Time Won’t Let Me is a book that is a work of passion. The love of music that permeates Bill Scheft’s novel about the reunion of a short-lived prep school garage band is just boundless. He clearly loves the era and imbues it with a sense of adventure. The middle-aged characters are endearing and frustrating at the same time. Some border on archetype and clichés, but they have that Hiaasenesque quirkiness that makes them fascinating. The plot takes several unexpected but logical twists. The last quarter of the book is a little disappointing because the big Hollywood payoff never quite happens. The book stays true to the characters at the expense of wrapping up the loose ends in a pretty bow. If this book ever makes it to the screen, it will be a much different story and not nearly as true to the spirit of both the book and the garage band era. Time Won’t Let Me is an underappreciated gem that anyone that loves both the written word and the classic rock era will enjoy.

Remember, if you read any novel at all in January, you are a winner. And if you didn’t, there is always next year.

7 comments:

2fs said...

"Jeffrey FFordes"?

2fs said...

Hit the trigger too soon. I was going to say: does it count if I've read 300 pages of the new Thomas Pynchon?
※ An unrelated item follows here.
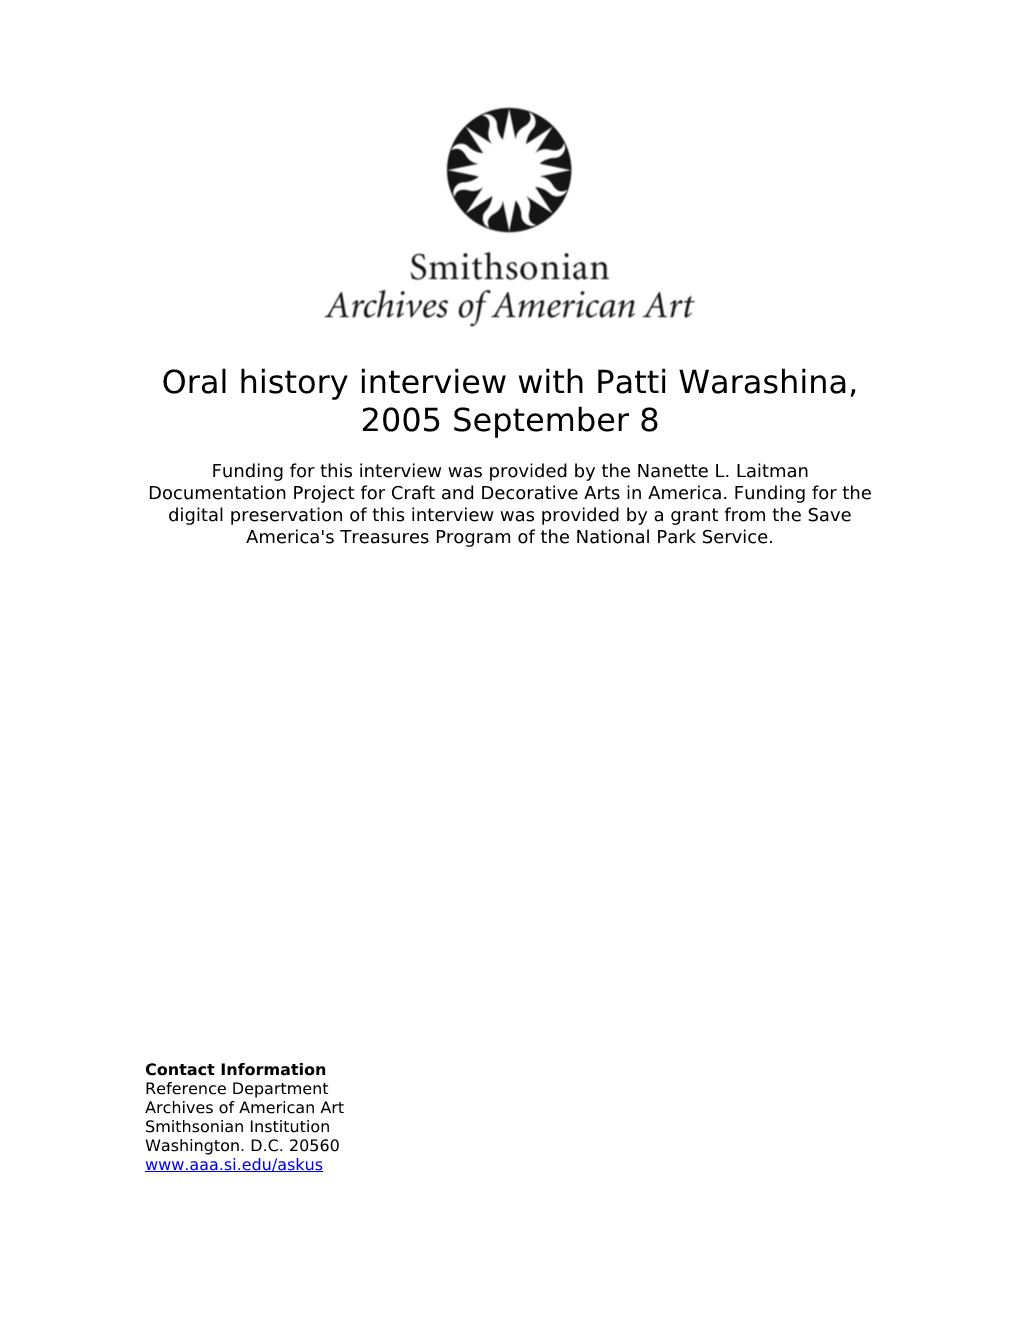 Oral History Interview with Patti Warashina, 2005 September 8

Of course, that puts me less than 1/3 of the way through it...but I've run out of reading time. Hope to finish by next NaJuReMoNoMo...

Anonymous said...

My kid had an Orson Scott Card book with him when he visited. Nice to see he's on your list.

I did read one novel - Sharp Objects by Gillian Somebody. It was a mystery, a bit creepy - my kid gave it to me for Christmas. I boodled about how I was obsessing about why he thought it was something I would like - but I comfort myself that it was on an Amazon list, and it's pretty well written.

mostlylurking

yellojkt said...

mostlylurking,
Orson Scott Card is very good. He has a few clunkers, but they are few and far between.

2fs,
You are braver than I am. I loved V (the Pynchon novel, not the alien invasion miniseries), but I have started Gravity's Rainbow more times than I can remember.

yellojkt said...

And I fixed "Jasper Ffordes". That go missed in my ultra-comprehensive proof-reading.

Your Mother said...

I'm a weiner! I made it through Pride & Prejudice and loved it.

Anonymous said...

I've been slogging through two books. Not because they're bad or hard, but because I've been so busy this month that there's been no time at all.

One is "God Knows" by Joseph Heller, which is a fictionalized (naturally) memoir of King David and it's pretty funny. The other is "Wicked", by Gregory Maguire. It's a sympathetic look at the early life of the Witch of the West. Fun.